Neue, kindliche Perspektiven begegnen mir auch in einer Zwei-Zimmer-Wohnung in der Münsterstraße. Eine junge Blondine öffnet mir die Tür. Sie begrüßt mich herzlich, lädt hinein. Auf mich warten weiße, kahle Wände, bedeckt mit Fotografie aller Art. Aber es fühlt sich heimisch an. Die Künstlerin Nina Ebbinghaus ist eine Fotografie-Studentin an der FH-Dortmund.“Meine Suppe ess´ ich nicht“ heißt eine fünfteilige Serie ihrer Werke. Es geht um Lebensmittel, die Kinder nicht gern essen.  Die Studentin gestalte daraus kindliche Bilder auf Tellern und möchte mit ihrer „Food-Kunst“ gern das Bewusstsein für Ernährung stärken. Ich schaue mir die Fotos genauer an: Leber. Spinat. Broccoli. Dabei kann sich auch einem Erwachsenen noch der Magen umdrehen.

Abstrakte Kunst in Nordstadts Hinterhof

Mich zieht es weiter in einen Hinterhof der Kielstraße. Dort ist die Künstlerloge. Etwas kalt ist es hier, aber umso wärmer empfängt mich der junge Künstler Johannes Lührs. Mir stechen drei Bilder direkt hinter seiner Schulter ins Auge. Bei genauerem Hinsehen sind es drei Leinwände mit hässlichen Grimassen. Grün, blau und braun dominieren die Bilder. Der Künstler sieht meinen skeptischen Blick:“Diese Serie habe ich zusammen mit dem Künstler Kai Fischer angefertigt. Wir haben es uns als ein Interaktion vorgestellt, kein Wort haben wir währenddessen gesprochen. Wir haben es einfach immer weiter vervollständigt.“

Nina Ebbinghaus stellt kindliche Bilder aus Essenssachen, die Kinder nicht gerne essen dar. (Foto: Nadja Bobrova)

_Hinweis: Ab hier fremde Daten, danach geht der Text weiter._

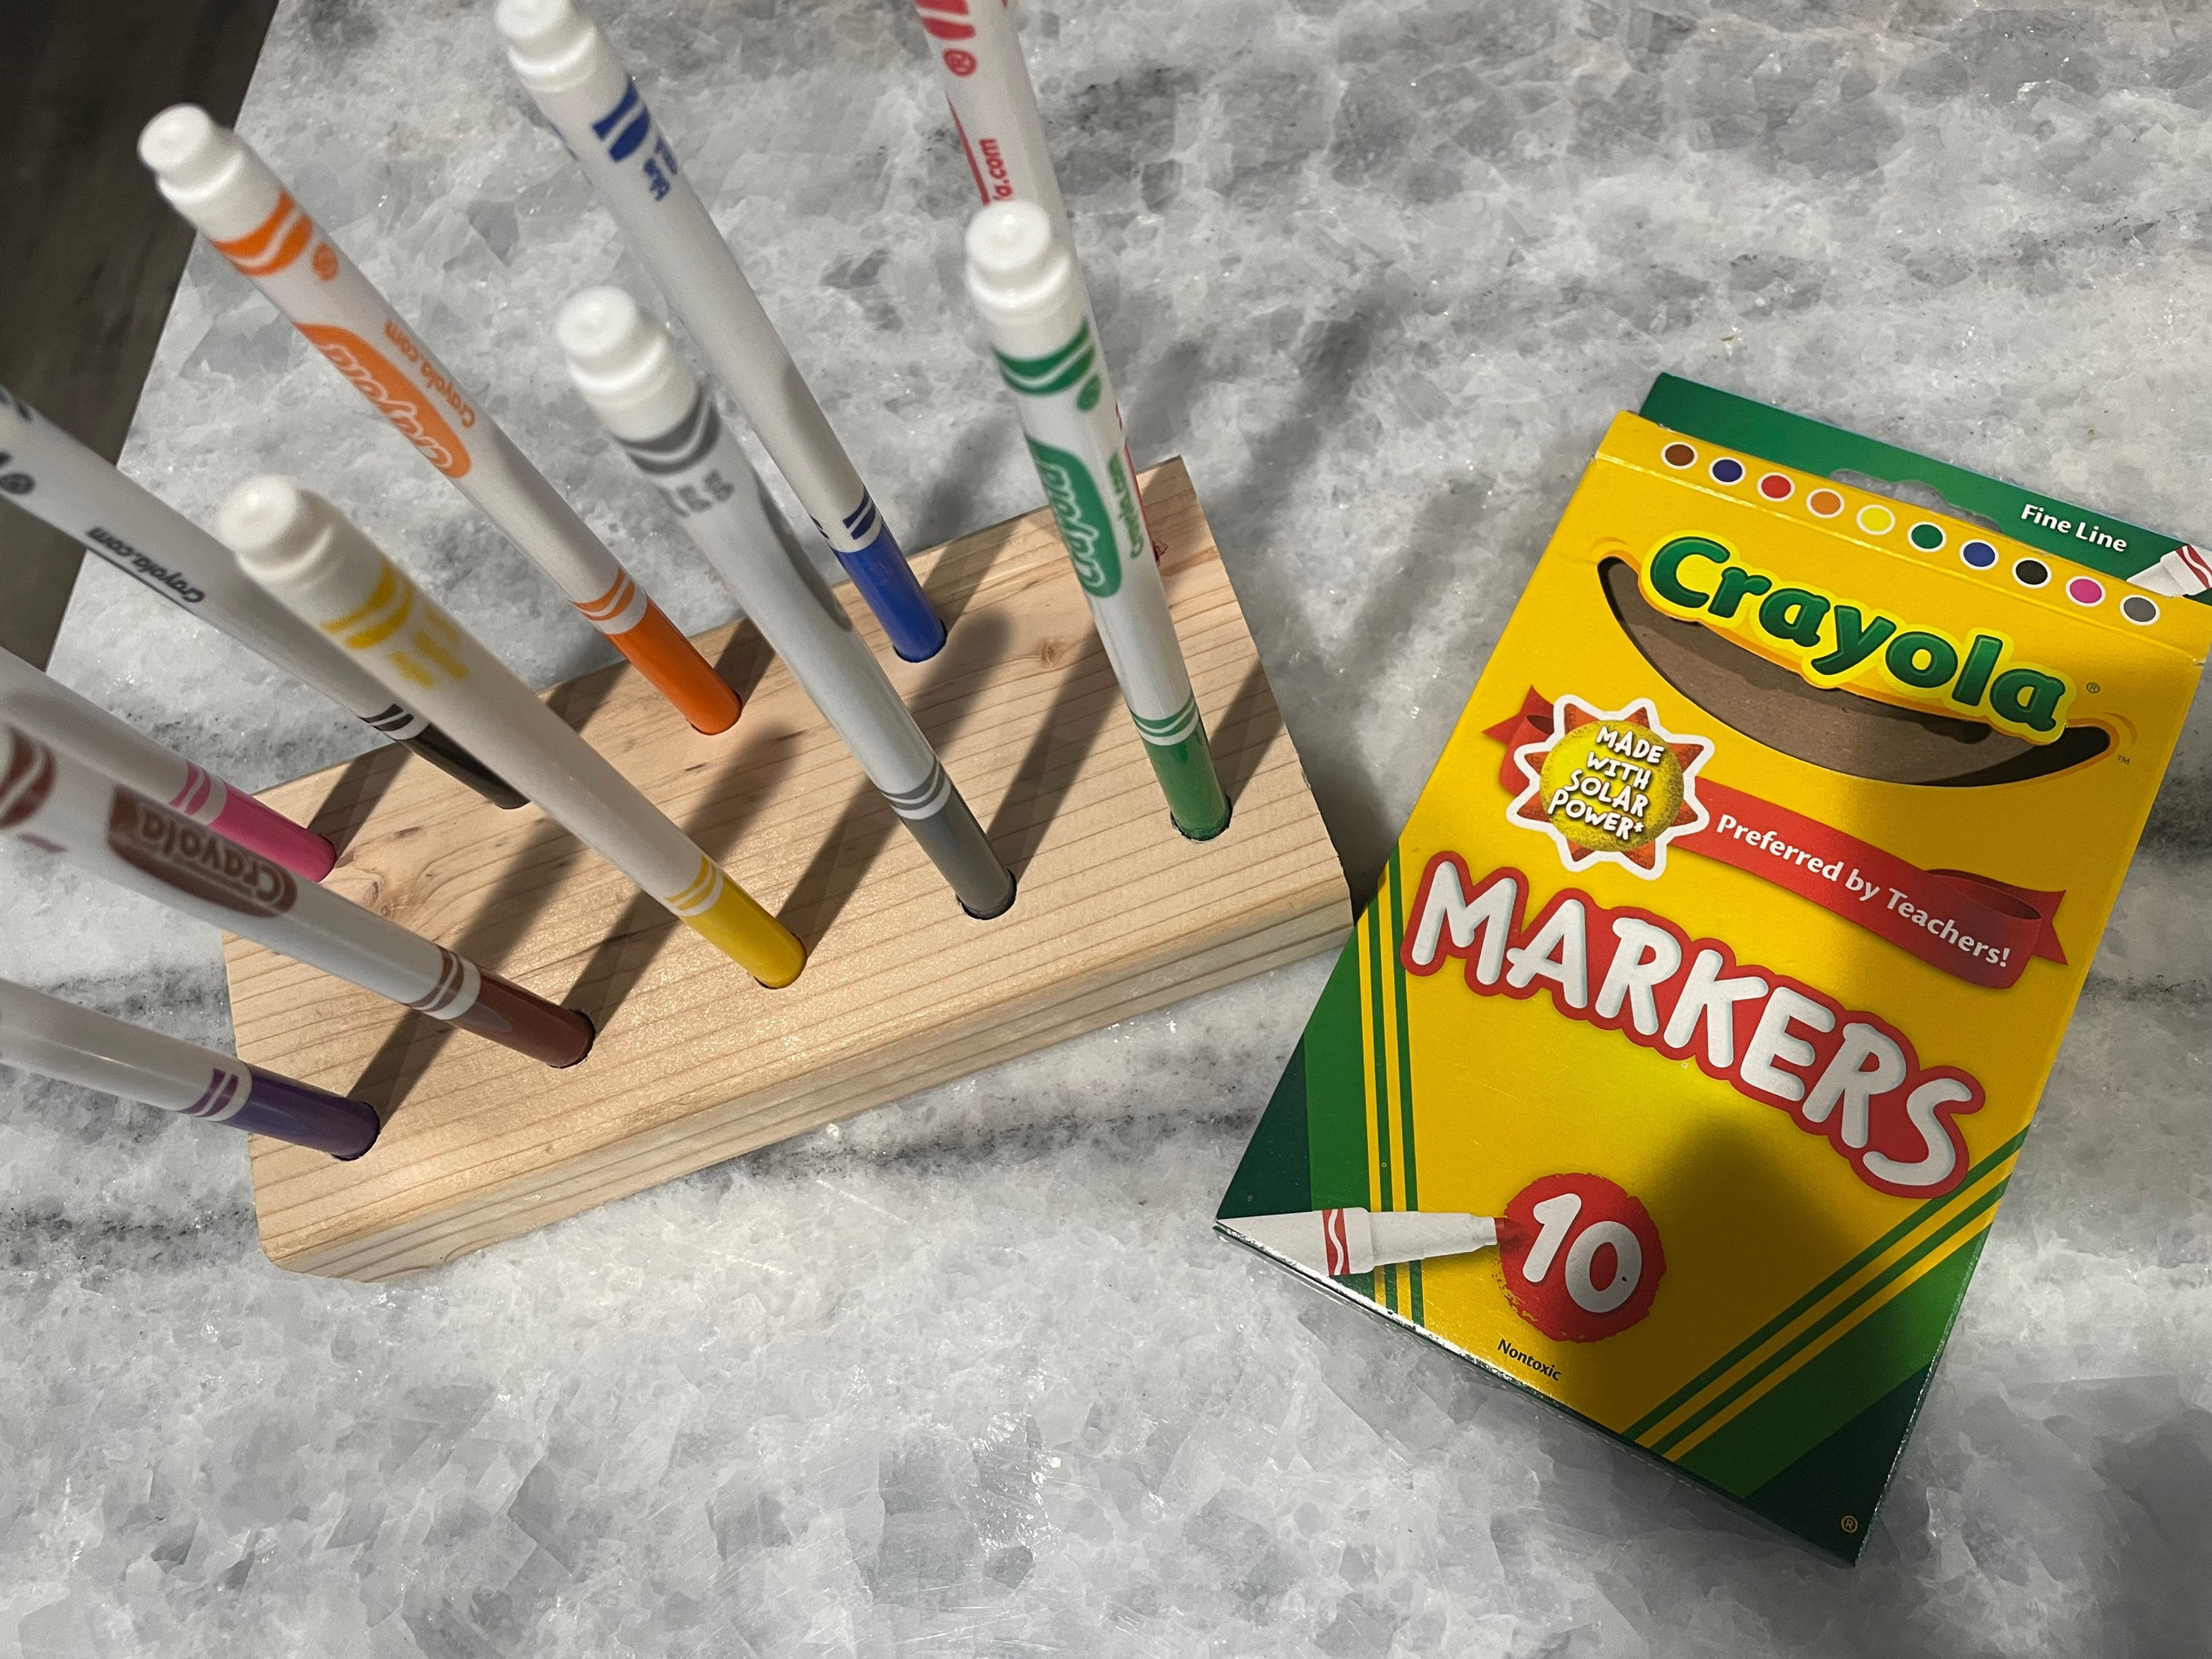 Marker holder (for skinny markers) / Marker Keeper / Crayola / Markers
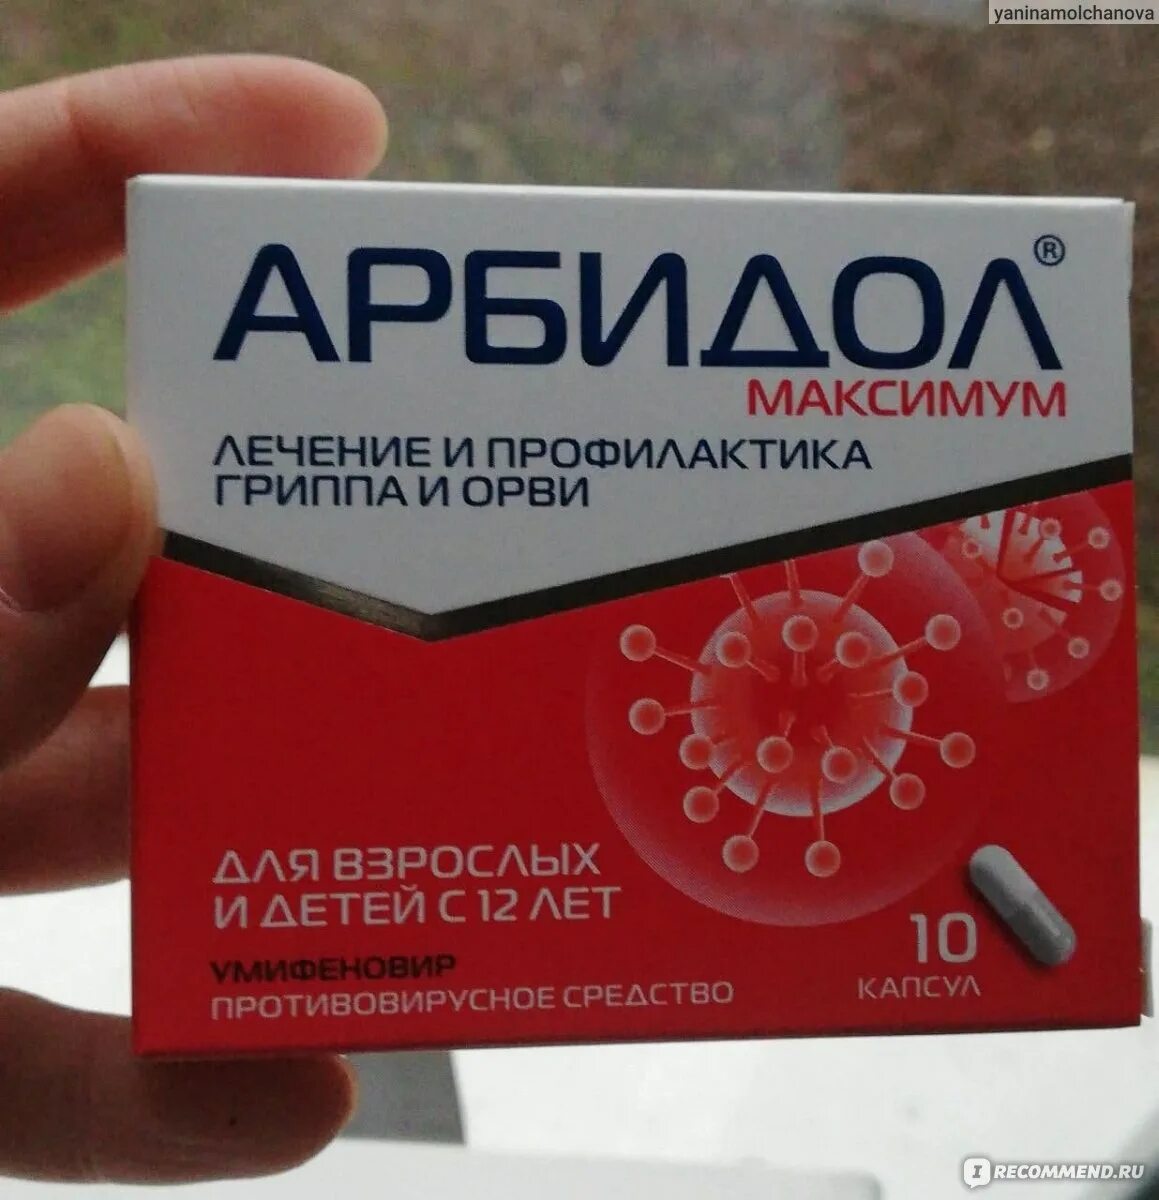 Арбидол взрослый при орви. Арбидол максимум. Противовирусное средство. Противовирусные препараты для взрослых.

Nina Ebbinghaus stellt kindliche Bilder aus Essenssachen, die Kinder nicht gerne essen dar. (foto: Nadja Bobrova)

Ich schaue mich weiter um und entdecke Zeichnungen. Bei Johannes Lührs‘ Kunst geht es weniger um das Medium an sich, sondern um die Zerlegung in Einzelteile. So langsam komme ich dahinter, was die Bilder darstellen sollen. Gesichter, Körperteile, Gegenstände, bei allem versucht er die kleinsten Details auseinanderzunehmen und sie dann wieder zu einem neuen Gebilde zusammenzufügen. So entstehen dann Bilder, bei dessen Betrachtung man mal den Kopf neigt oder sich sogar ein wenig winden muss. Umso spannender ist dann dabei die Erkenntnis.

Johannes Lührs ist müde, das sehe ich ihm an. Seine leichten Augenringe verraten mir seinen Wunsch nach etwas Ruhe. Fünf Stunden Schlaf, die letzte Woche! Auch Kunst kann mal anstrengend sein, entschuldigt er sich und während er das tut merke ich meine eigene Müdigkeit. Auf dem Heimweg, wieder zurück in der Bahn, fange ich an dieses Stadtviertel zu verstehen. Die dreckigen Straßen, die Autos, die Fußballjungen einerseits und die Künstler, die fern vom Rummel unter ihren Atelierfenstern ihre Werke schaffen andererseits zwei Parallelwelten, die so unterschiedlich sind, wie Himmel und Erde. Doch gerade das ist das Spannende an ihnen.